* [Provided material]:

=======

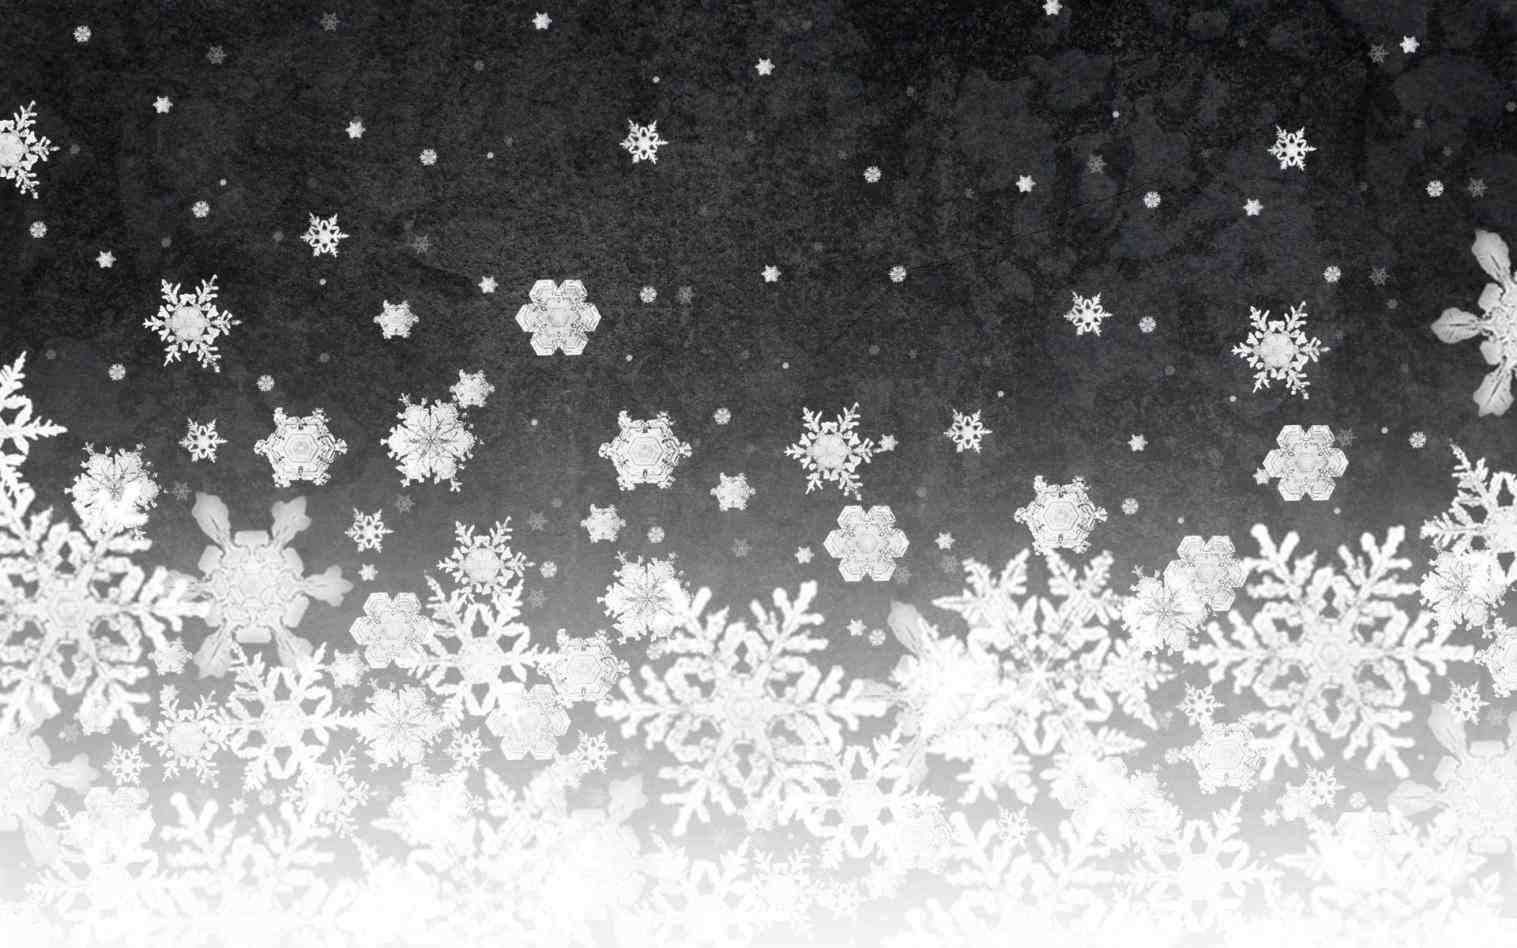 Black And White Christmas Wallpaper Ne Wall Image Image Black And
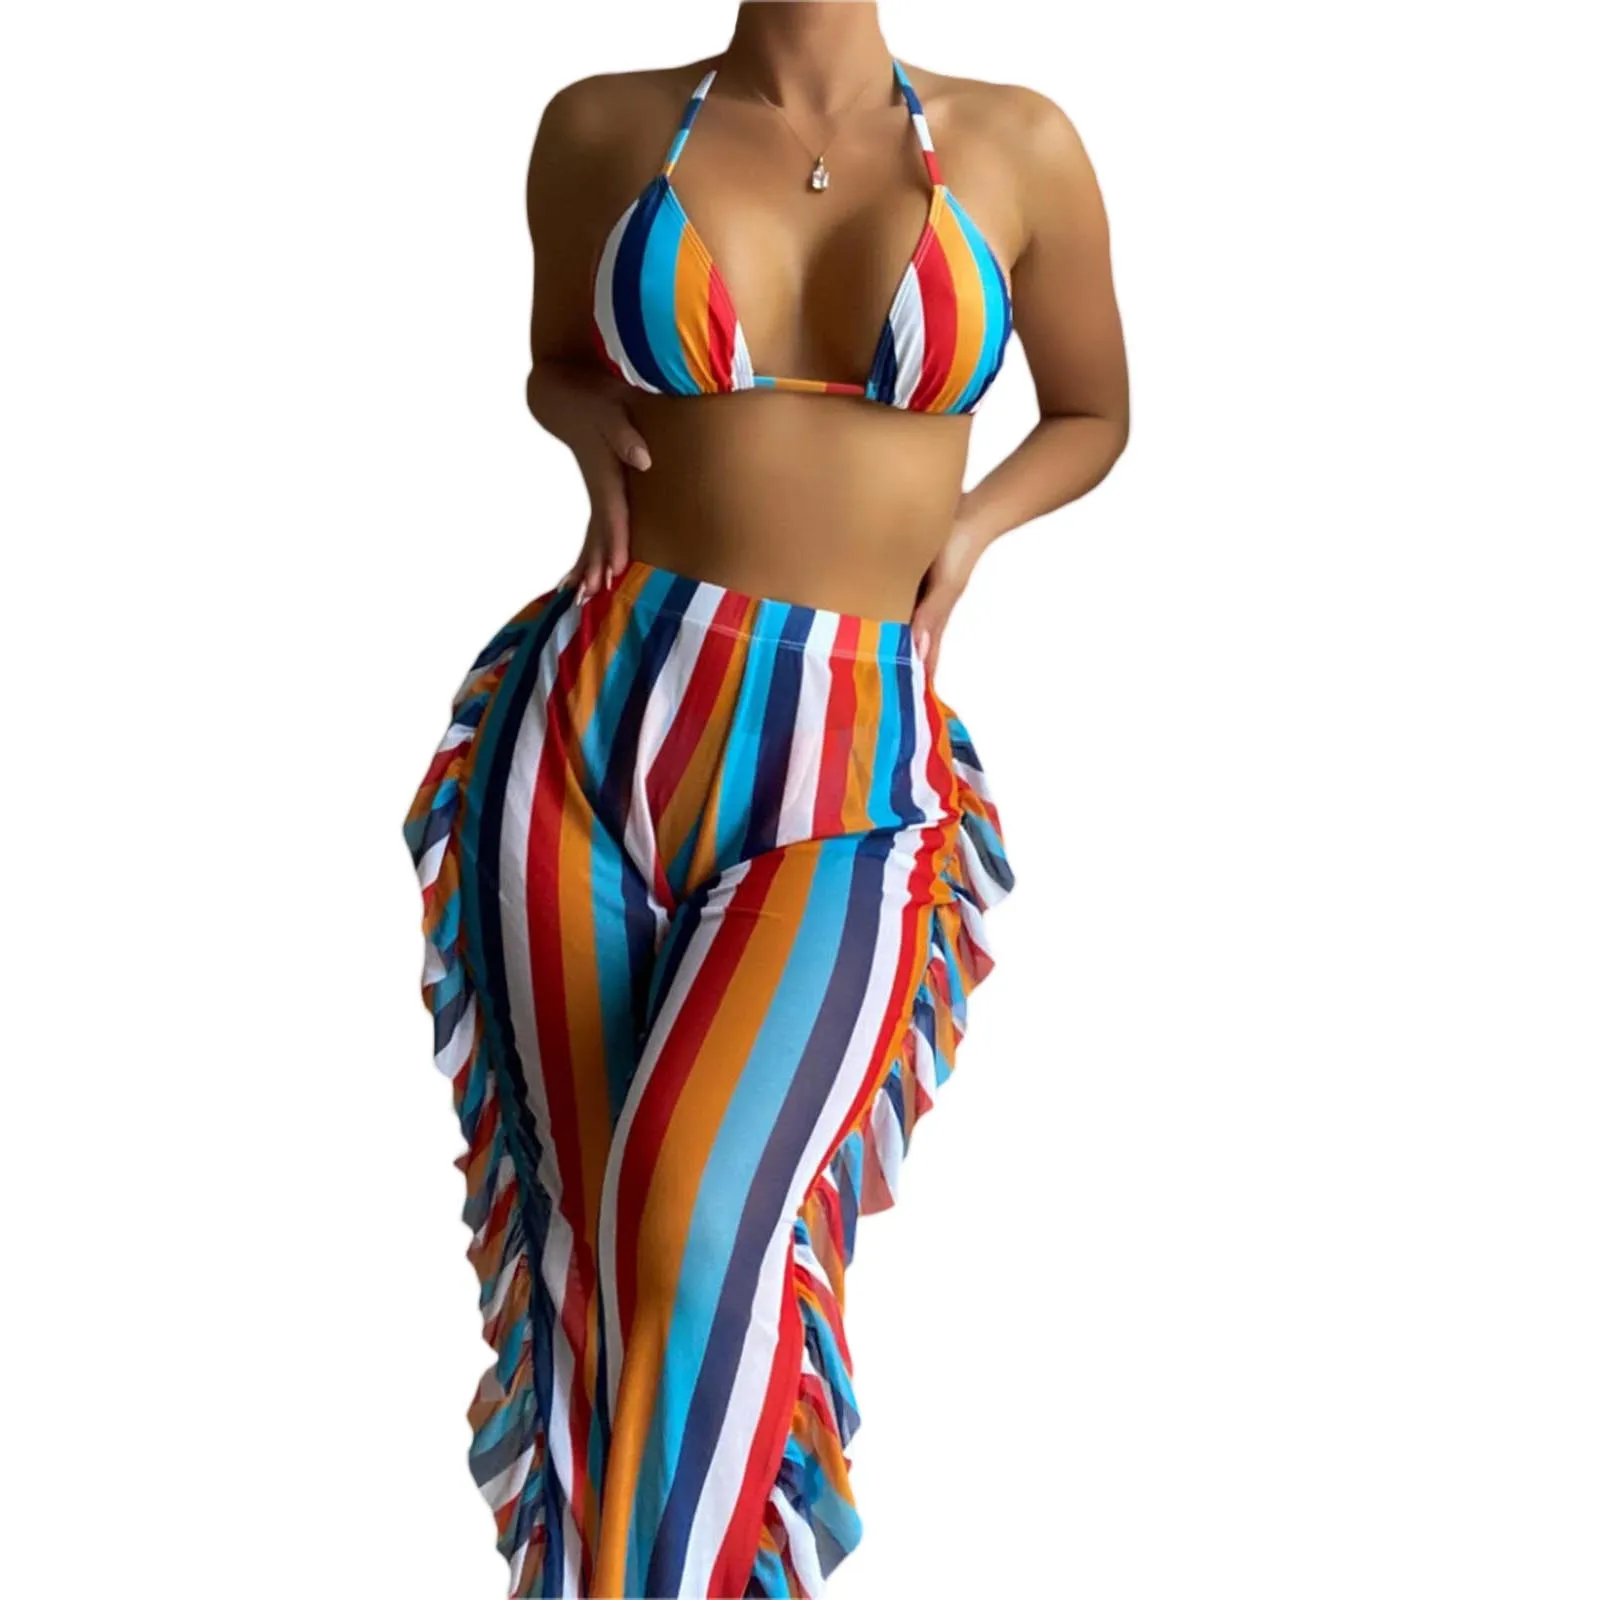 

Women 3 Pieces Bikini Swimsuits Colorful Stripe Halter Neck Padded Bra Bottoms Ruffles Cover-Ups Pants Bathing Suit Set
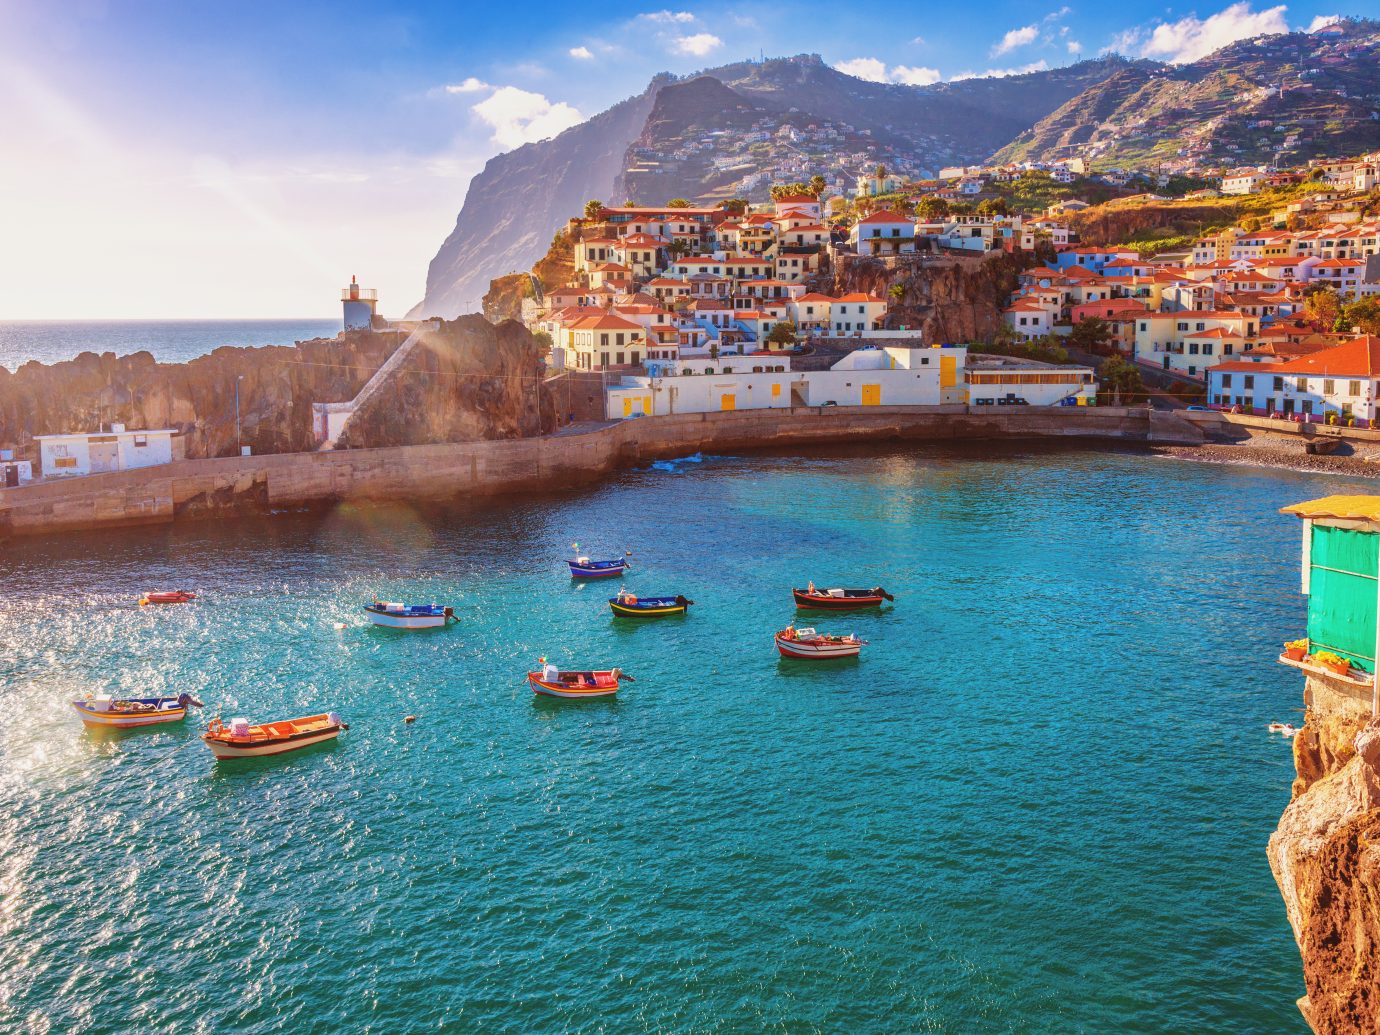 The beautiful fishing village of Camara de Lobos on the portugese Island of Madeira in warm evening sunshine light.

=======

* [Problem details]: Give back all the data exactly, minus pictures.

* [Worked solution]:
 Black And White Christmas Wallpaper Ne Wall Image Image Black And

Women 3 Pieces Bikini Swimsuits Colorful Stripe Halter Neck Padded Bra Bottoms Ruffles Cover-Ups Pants Bathing Suit Set
 The beautiful fishing village of Camara de Lobos on the portugese Island of Madeira in warm evening sunshine light.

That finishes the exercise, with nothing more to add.